Asked if he found her comments about the republican-style court credible, Mr Adams said it had been dealt with by the court. Asked if that was how the IRA did business at the time, Mr Adam said: “Well I can’t comment on that what I do know is that it shouldn’t have, if that’s what transpired.”

He said those charged had been acquitted in court. Asked if Ms Cahill had named her alleged rapist, Mr Adams said they had not discussed the matter.

“When I went to talk to Maíria, as a very busy person who knew this young woman because of who she was and because she was in and around Sinn Féin structures and so on and so forth, I mean, it wasn’t a big lengthy meeting.”

Earlier in the interview, Mr Adams said he had had to deal with abuse in his own family. “I speak from experience when I say allegations of rape have to be treated very, very sensitively, victims have to be treated with respect”. Victims of abuse had come to him because of his own experience, he said, and he would continue to work with them.

Mr Adams disclosed in December 2009 that his late father, who was also called Gerry, had emotionally, physically and sexually abused family members over many years. Mr Adams said he was not abused by his father.
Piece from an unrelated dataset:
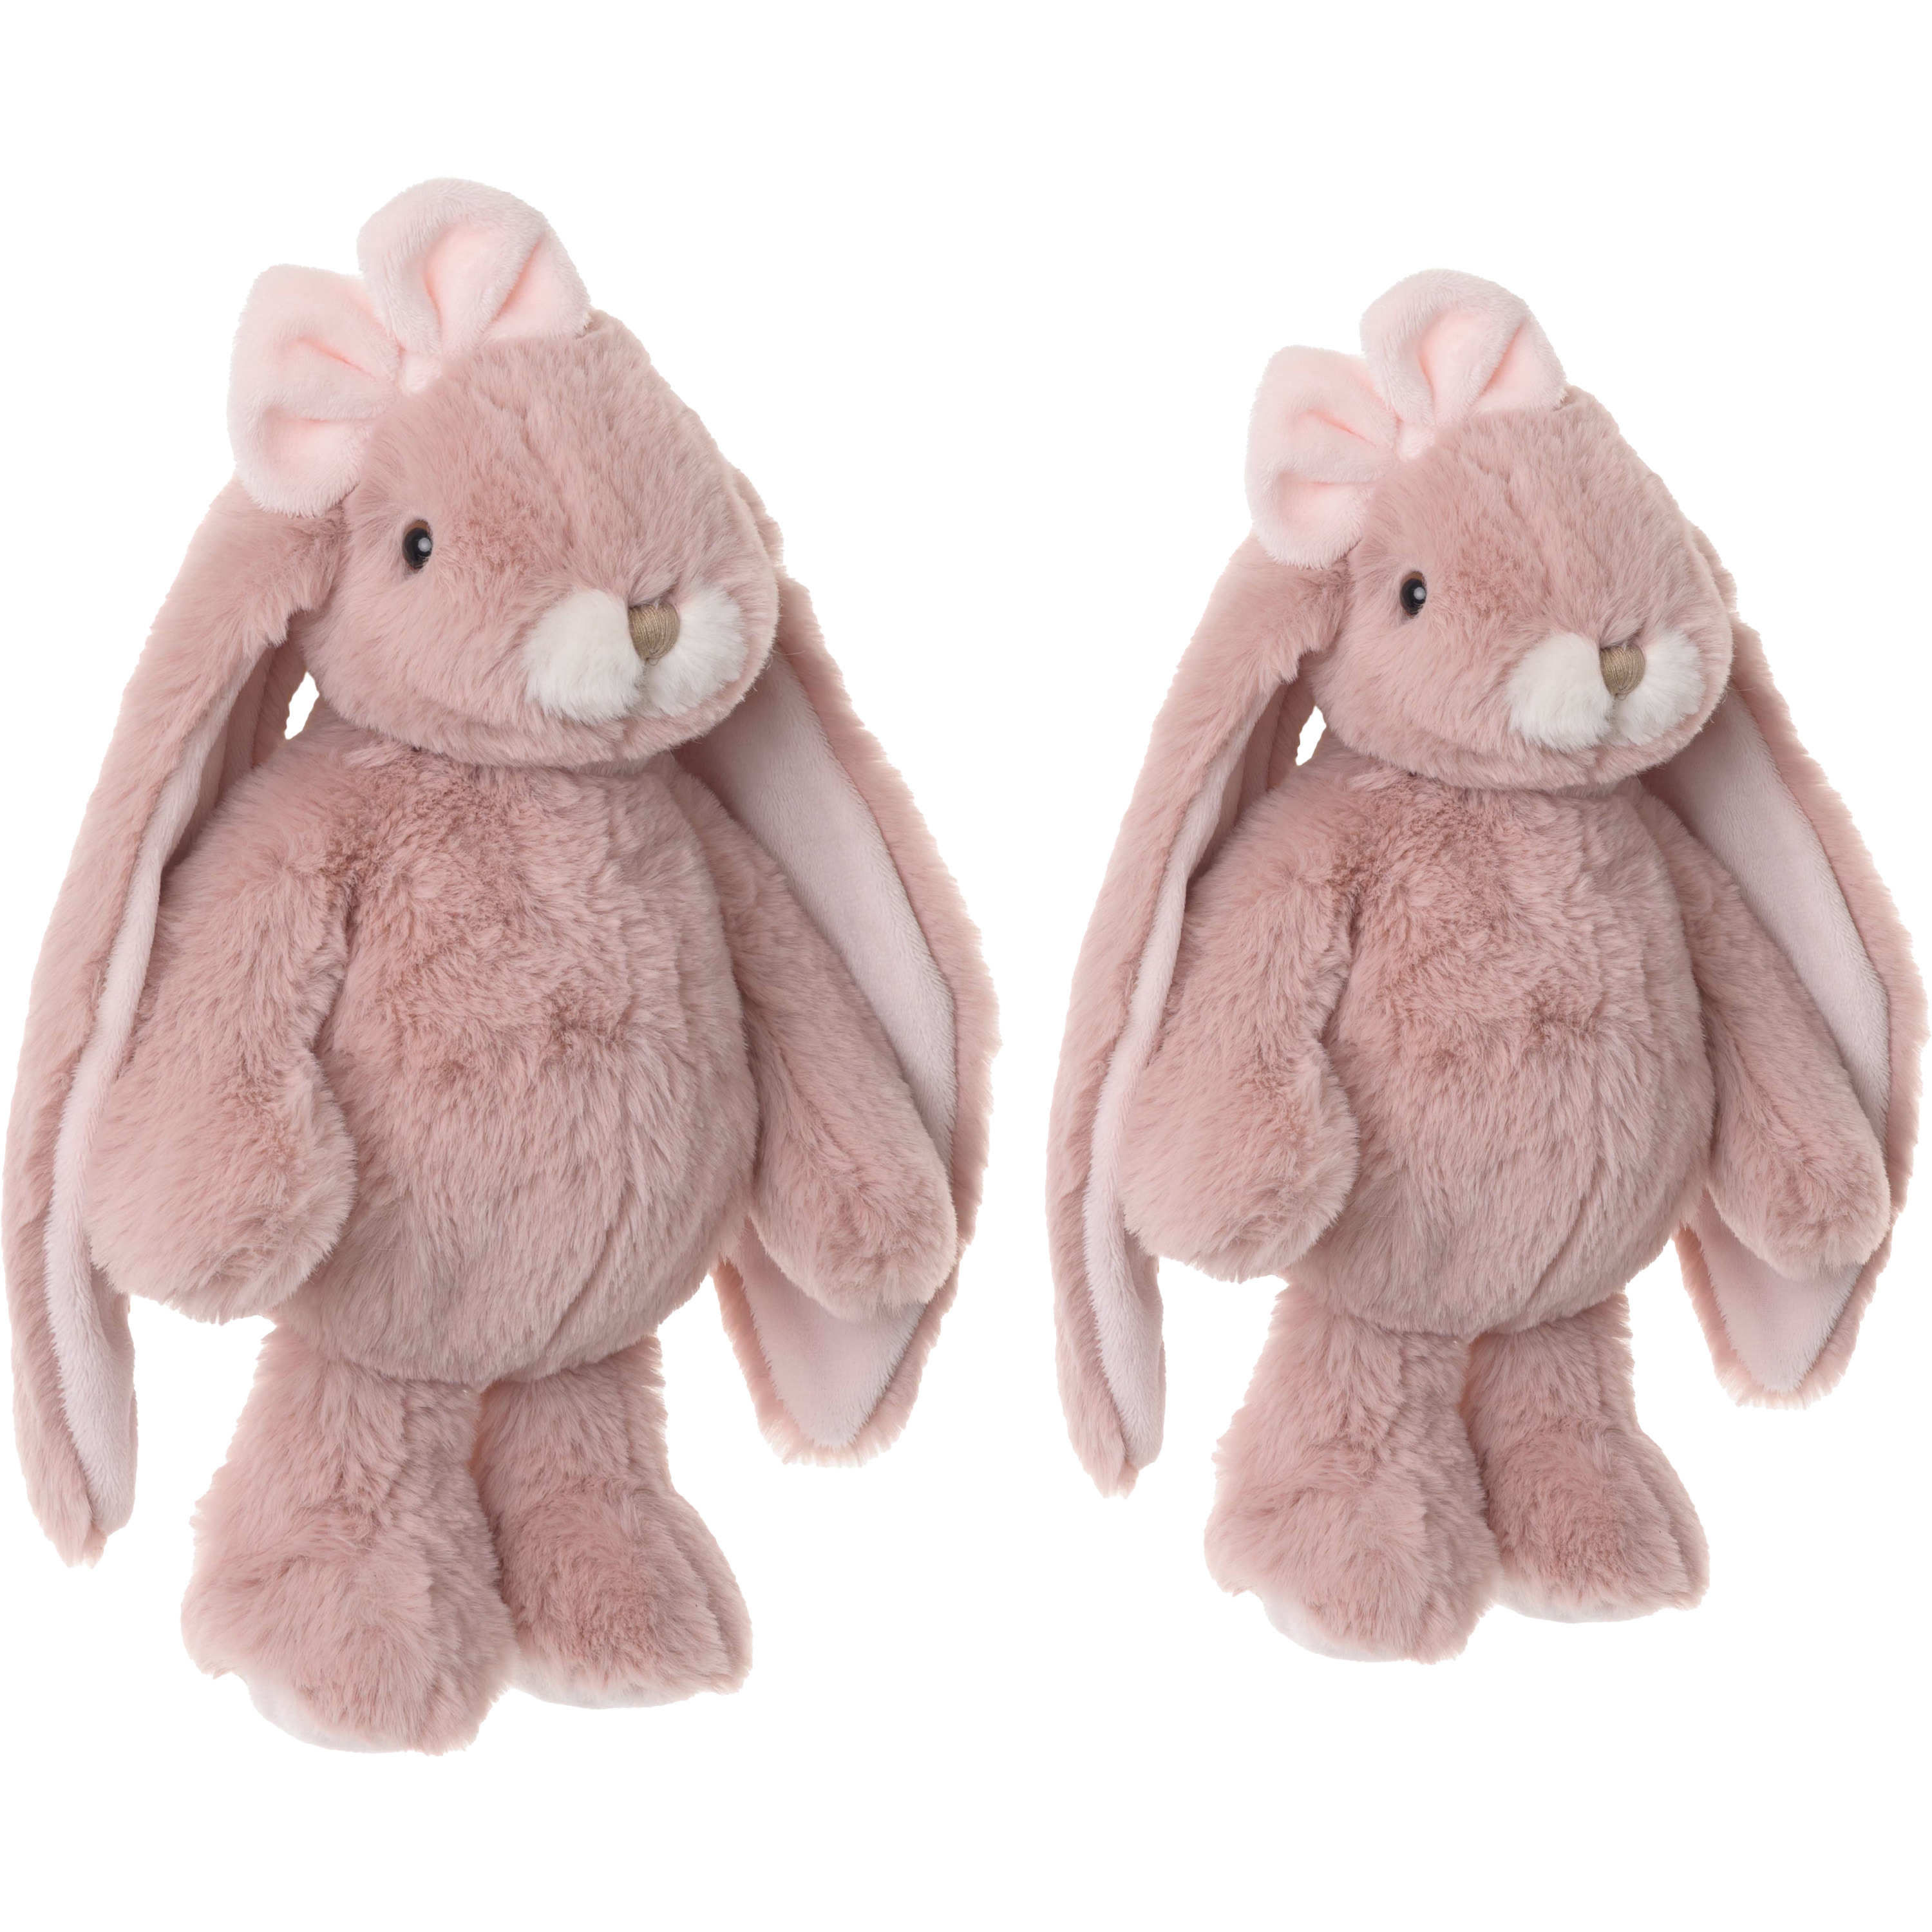 Bukowski pluche knuffel konijnen set 2x stuks oud roze 22 en 30 cm luxe knuffels

He has rejected “unconditionally” claims from some Unionist politicians that he committed an offence in relation to how he dealt with his brother Liam’s sexual abuse of Liam’s daughter Áine. Last November, Liam Adams was jailed for 16 years for repeatedly raping and indecently assaulting his daughter Áine when she was aged between four and nine years of age.

Ms Cahill, who has waived her right to anonymity, said in the programme she had been subjected to what was described as a republican “kangaroo court”. She alleged that in 1997 she underwent a 12-month cycle of sexual abuse, including rape, by a suspected member of the IRA. She was 16 at the time.

Ms Cahill has also said several people, numbering in “double figures”, had contacted her to recount similar experiences at the hands of IRA members.

She said she got very angry with Mr Adams during their meeting and said to him, “Well, I didn’t enjoy it.”

In the aftermath of the broadcast, Mr Adams released a statement. Issued on Wednesday night, it said: “In the Spotlight programme, broadcast last night, Maíria Cahill made an accusation relating to a meeting with myself. I totally refute the allegations Maíria made about our conversation.

“I met Maíria in good faith, at the behest of her cousin and my late friend Siobhán O’Hanlon. When I learned of the allegation of abuse from Siobhán, she told me that Maíria was refusing to go to the RUC.

“Siobhán and I met with Joe Cahill, who was Maíria’s uncle. We told Joe of the allegation and asked him to speak to Maíria about reporting this to the RUC. He did so. Maíria did not want to do this at that time. I have contacted my solicitor with regard to the allegations made against me in the Spotlight programme.”